_SOURCE MATERIAL_:
......
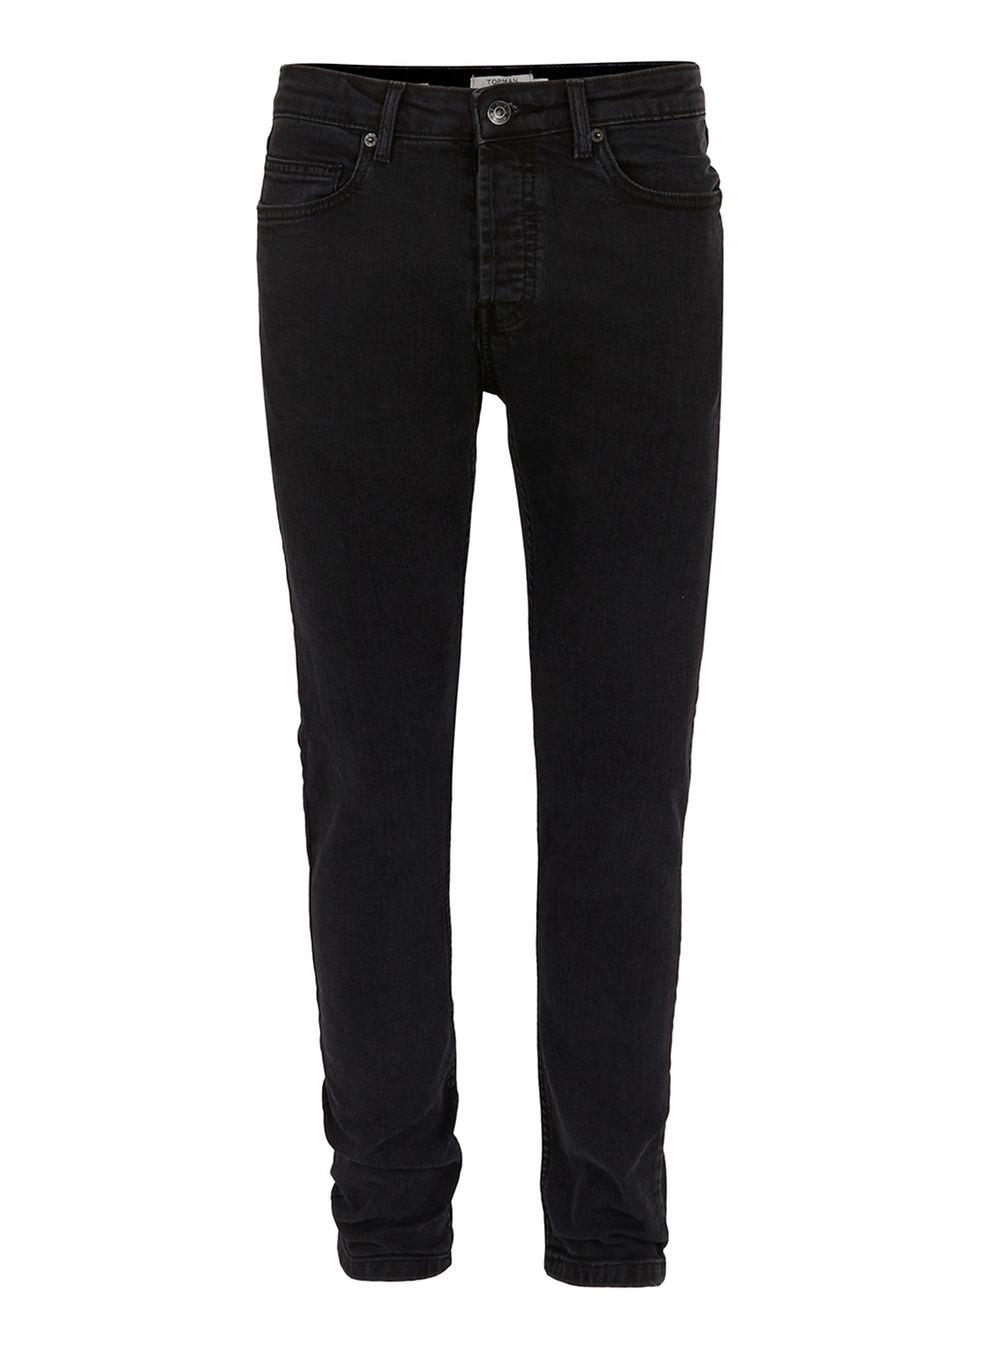 Topman Skinny Black Jeans
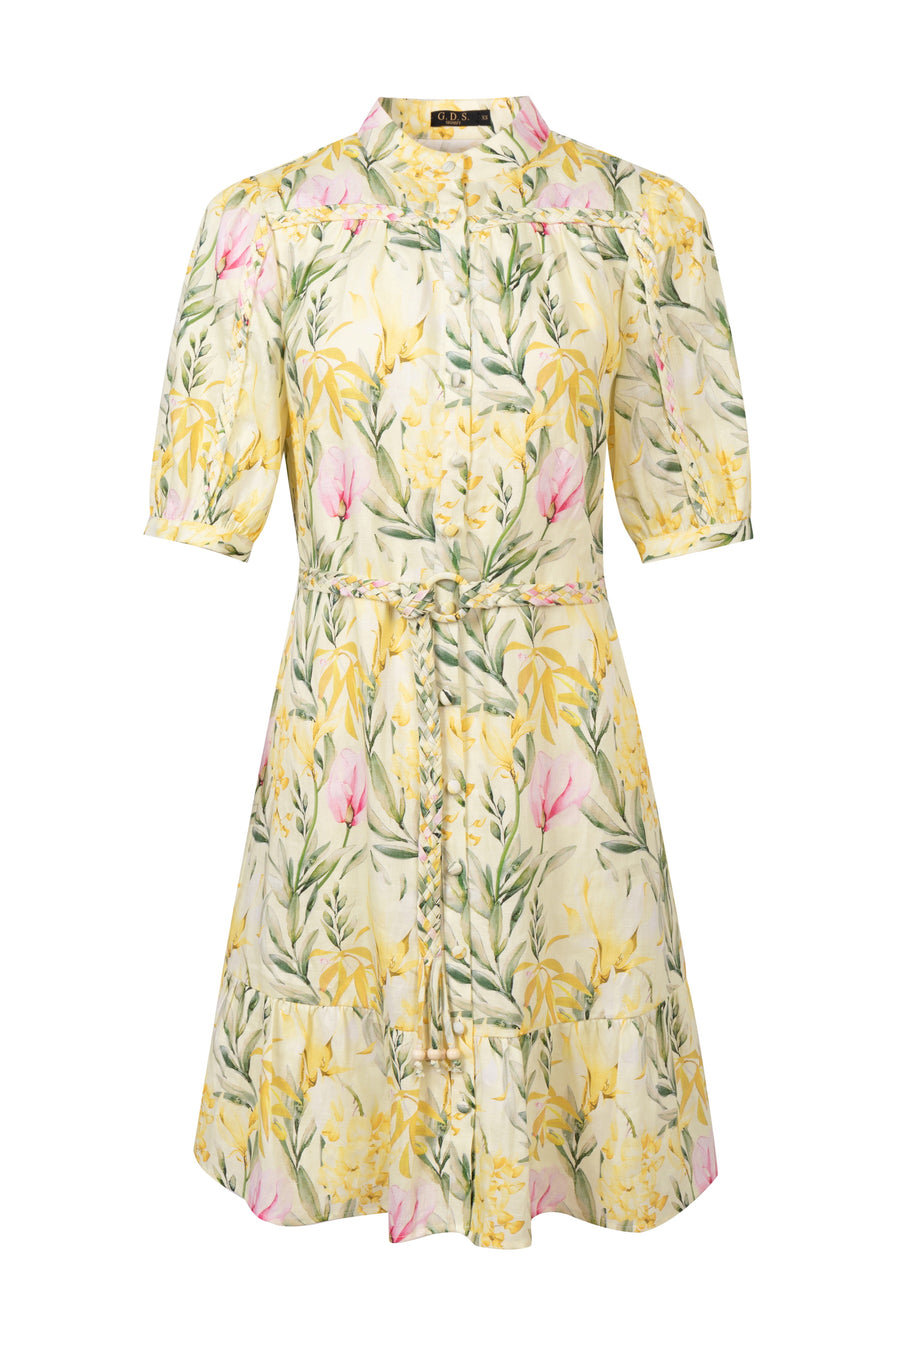 GDS Desiree Floral Linen Short Dress | Yellow DRESSES Catch GDS L M S SALE XL XS YELLOW
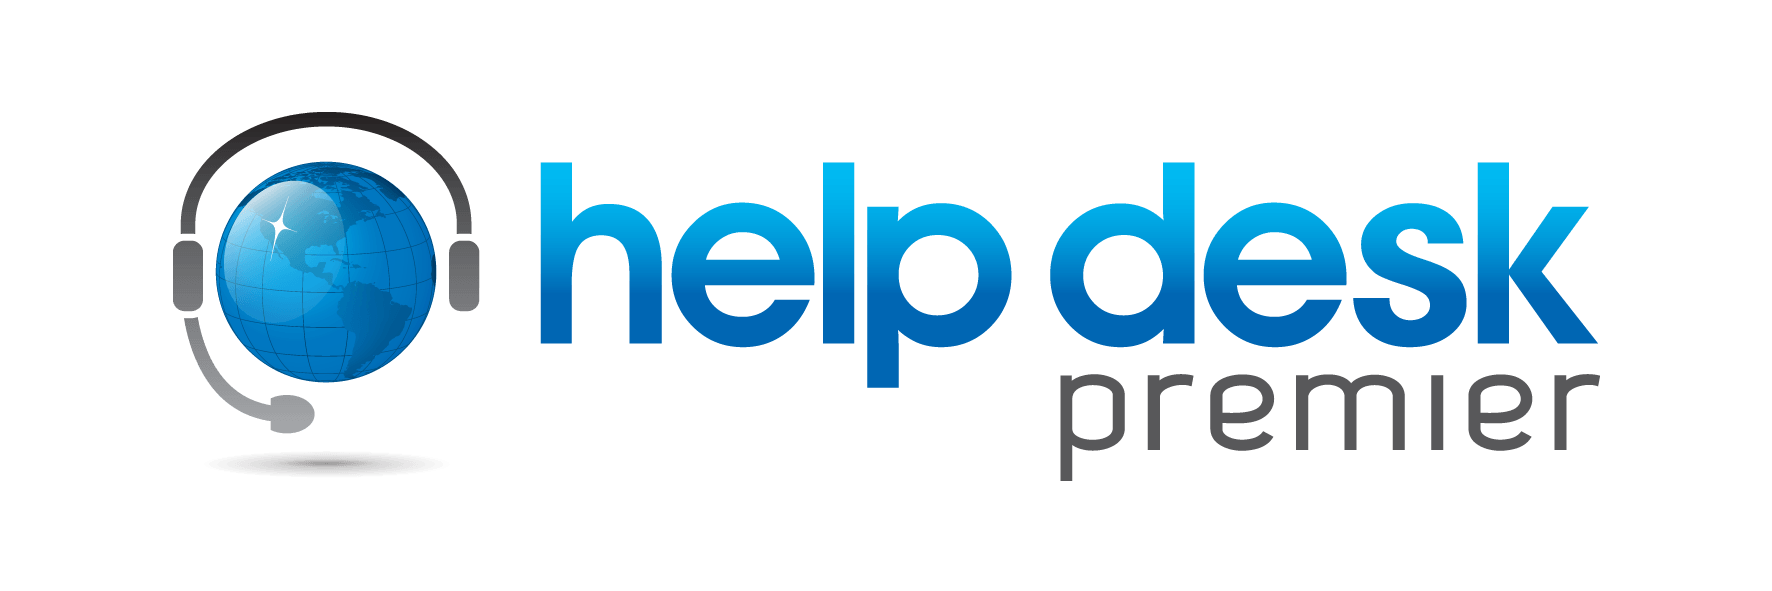 Help Desk Logo - BrightBox Solutions, Creators of Help Desk Premier, Secures $500,000 ...
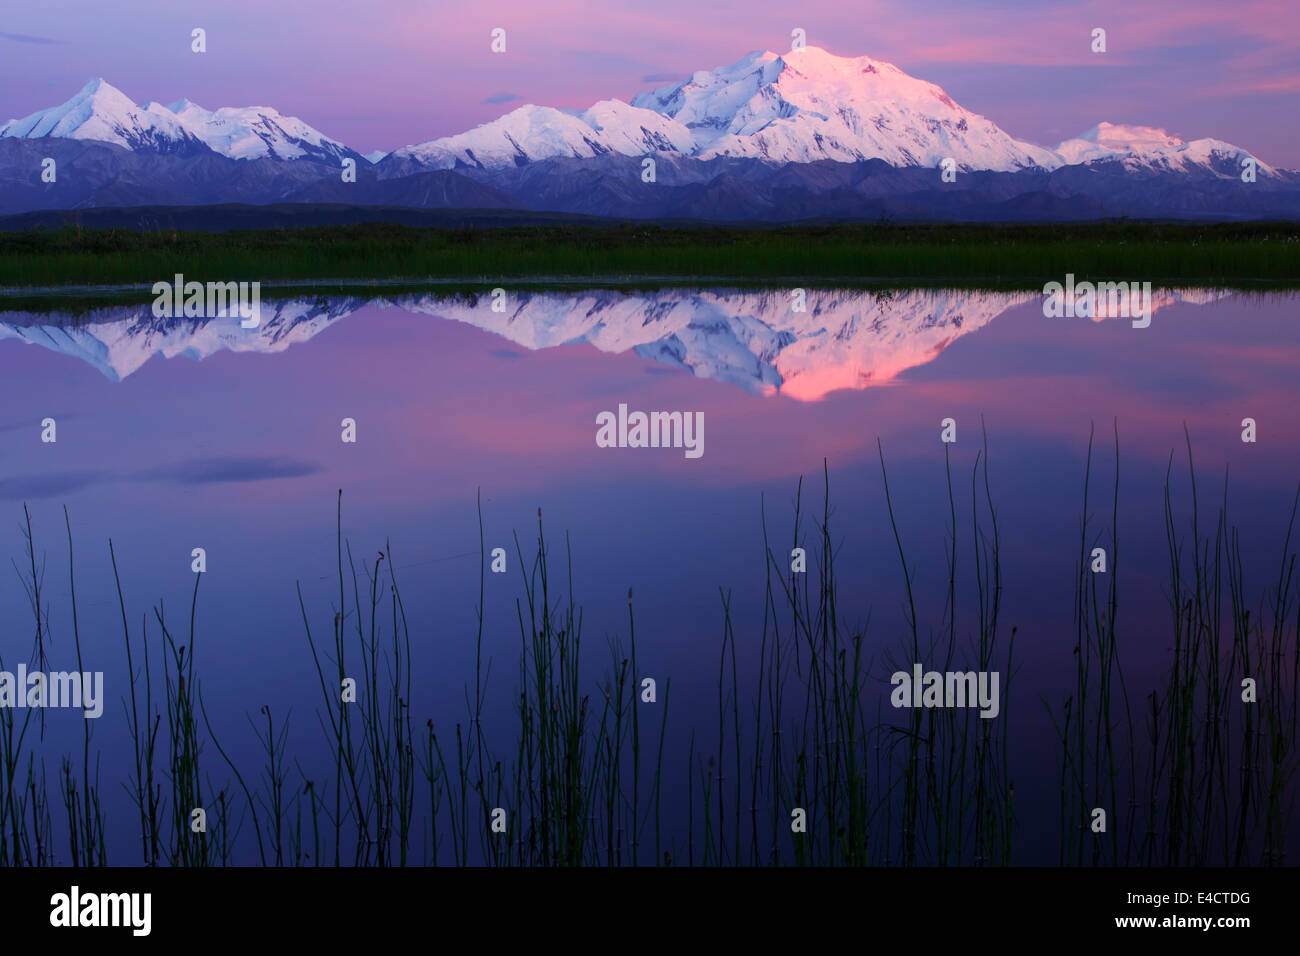 Mt. McKinley, also known as Denali, Denali National Park, Alaska.  Stock Photo
......
_WHAT YOU ARE ASKED TO DO_:
Replicate the material above verbatim; images stay out of the copy.

_SOLUTION FOR THIS PROBLEM_:
 Topman Skinny Black Jeans
 GDS Desiree Floral Linen Short Dress | Yellow DRESSES Catch GDS L M S SALE XL XS YELLOW
 Help Desk Logo - BrightBox Solutions, Creators of Help Desk Premier, Secures $500,000 ...
 Mt. McKinley, also known as Denali, Denali National Park, Alaska.  Stock Photo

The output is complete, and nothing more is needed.